PT. Il ne s’agira probablement pas d’un travail de transition au sens où l’entend le mouvement Transition. On ne peut pas faire ce travail seul. On a besoin des autres. Nous sommes des individus et notre besoin le plus fondamental est la communauté. La transition est une question de communauté. Nous devons nous soutenir les uns les autres. Le travail de transition est un travail de groupe.
PI. Quels sont les principaux problèmes personnels à résoudre pour pouvoir agir pour la transition ?
PT. Un des aspects est de comprendre que cela exige notre pleine présence. Ce n’est pas quelque chose que nous pouvons faire avec notre seul esprit rationnel et cognitif. Nous avons besoin de notre corps, de nos sens, de nos émotions − la transition fonctionne avec les émotions. Nous travaillons avec le cœur dans ce mouvement. Ce mot « émotion » est intéressant, car l’émotion est ce qui nous met en mouvement et nous devons être en mouvement pour participer activement à l’aide, à l’« accouchement », au travail créatif. Nous devons affronter les émotions désagréables, comme la rage, la peur, le désespoir et la tristesse. Et cela fait partie de la Transition.
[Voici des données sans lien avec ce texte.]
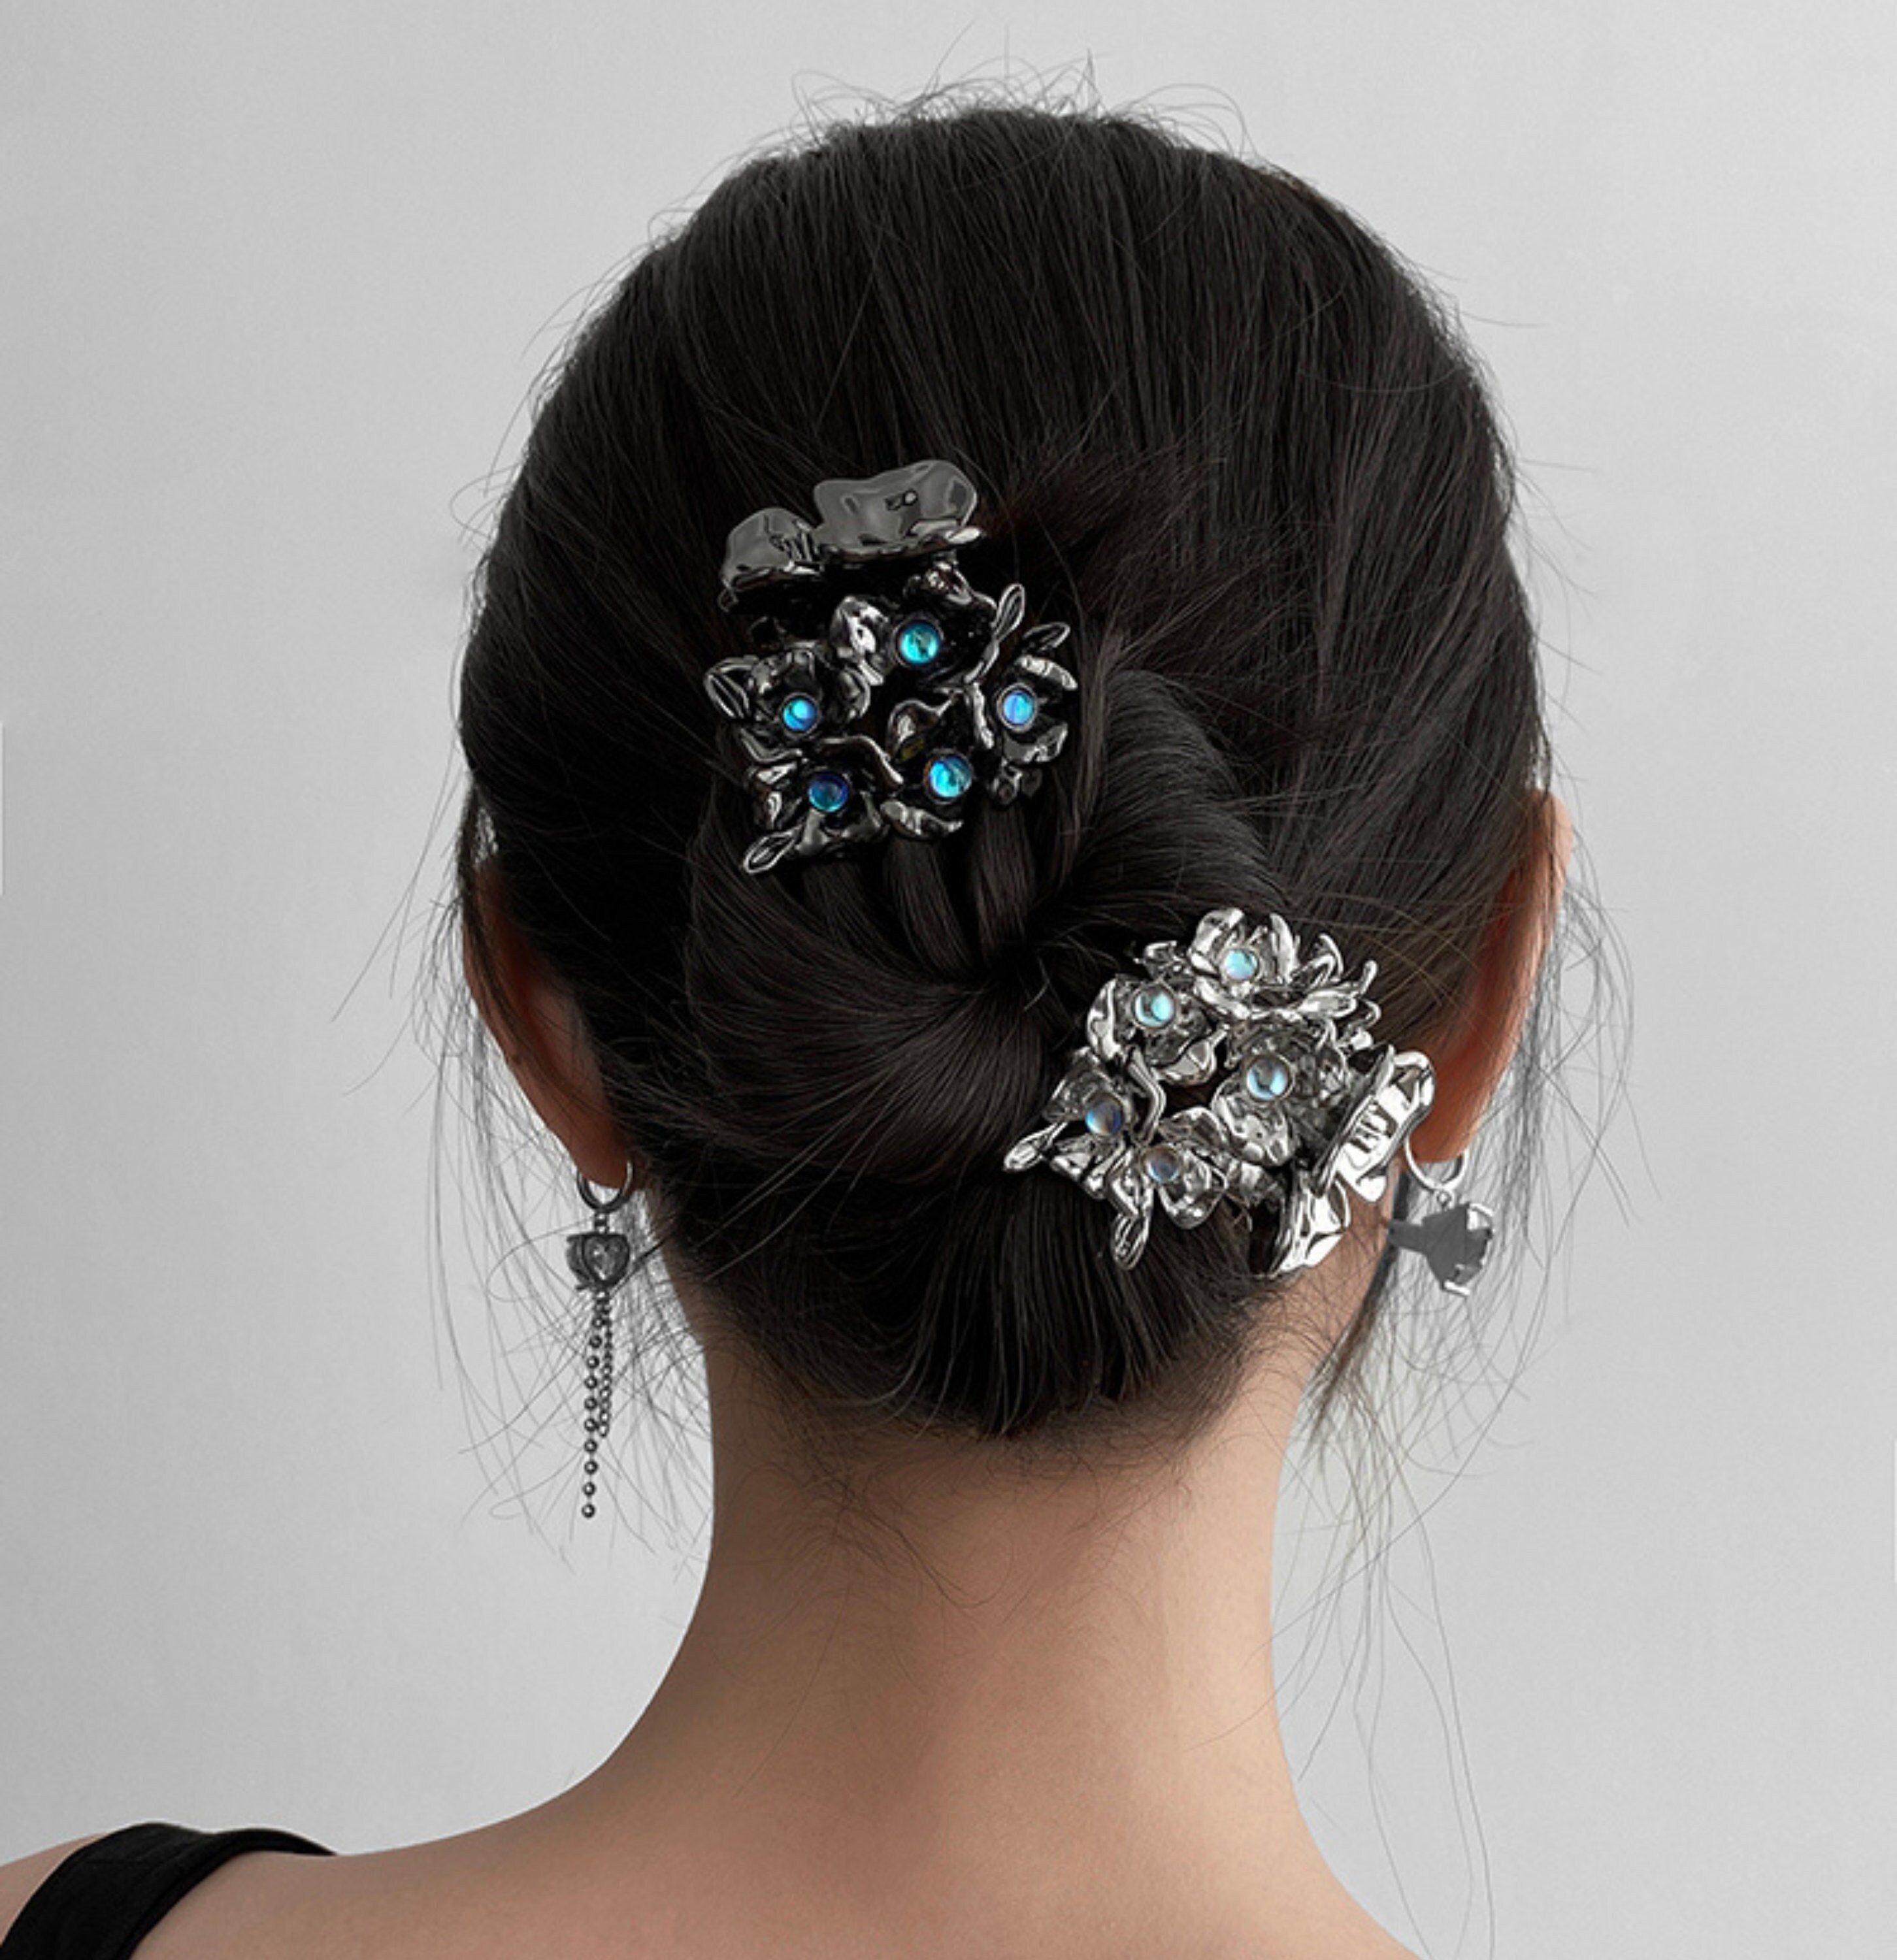 Mini Crystal Rhinestone Hair Claws Gripper Bangs Clips Holder Casualfashion 4Pcs Cute Korean Fashion Hair Accessories

Nous devons nous aider mutuellement, pour comprendre que nous éprouvons ces sentiments. Ils peuvent nous aider à comprendre qui nous sommes et où nous voulons aller. Ils sont beaux, ils viennent de quelque part. Nous ne ressentons pas de tristesse pour quelque chose que nous n’aimons pas et nous ne ressentons pas de peur si nous n’avons pas aussi en nous le courage de faire face à cette peur. Ainsi, nous pouvons nous épanouir. C’est ce que Transition a fait pour moi, elle a enrichi ce que je suis en tant que personne. C’est donc vraiment un cadeau.
PI. La transition signifie-t-elle retourner vivre au XVIIIe siècle ?
PT. Dans un sens, oui, au XVIIIe siècle, nous n’étions pas dépendants des combustibles fossiles. Le mouvement Transition propose le principe de requalification : redécouvrir comment les choses se faisaient avant que nous soyons dépendants des combustibles fossiles. Comment travaillions-nous la terre, conservions-nous les aliments, construisions-nous nos maisons, etc. Mais aussi, le XXe siècle a été un grand défi où nous avons beaucoup appris ; il n’y a pas de retour en arrière. Au XVIIIe siècle, il y avait un milliard de personnes sur cette planète et nous serons bientôt 8 milliards. Il n’est pas possible de revenir en arrière. Mais ce que nous faisons, c’est intégrer toutes les leçons que nous avons apprises collectivement.
PI. Quelles sont les choses les plus importantes à prendre en considération pour le changement, concernant nos systèmes économiques, environnementaux, sociaux et politiques, au niveau mondial ?
PT. La première chose importante est que nos systèmes économiques, sociaux et politiques au niveau mondial sont en train de mourir. Ils s’effondrent. Personne ne peut les préserver. Leur temps est venu. Le changement est donc inévitable. Nous ne pouvons pas choisir si nous allons changer ou non, la seule chose que nous pouvons choisir est la manière dont nous allons changer et c’est un choix important.
Quelle est l’orientation à donner au changement ? Qui choisissons-nous d’être en cette période de changement ? Quelles sont les valeurs sur lesquelles nous souhaitons nous fonder ? C’est là que la régénération entre en jeu. Nous sommes dans une période de changement existentiel où nous réévaluons qui nous sommes en tant que citoyens de la Terre. Nous devons nous considérer comme des acteurs de cette planète vivante. Si nous nous considérons comme séparés des systèmes vivants, alors que nous constatons l’ampleur de la destruction actuelle, nous aurons tendance à nous considérer comme nuisibles. Nous devrions dire que nous nous sommes trompés et que nous sommes perdus en tant que culture, mais que nous pouvons changer. C’est possible, nous pouvons le faire.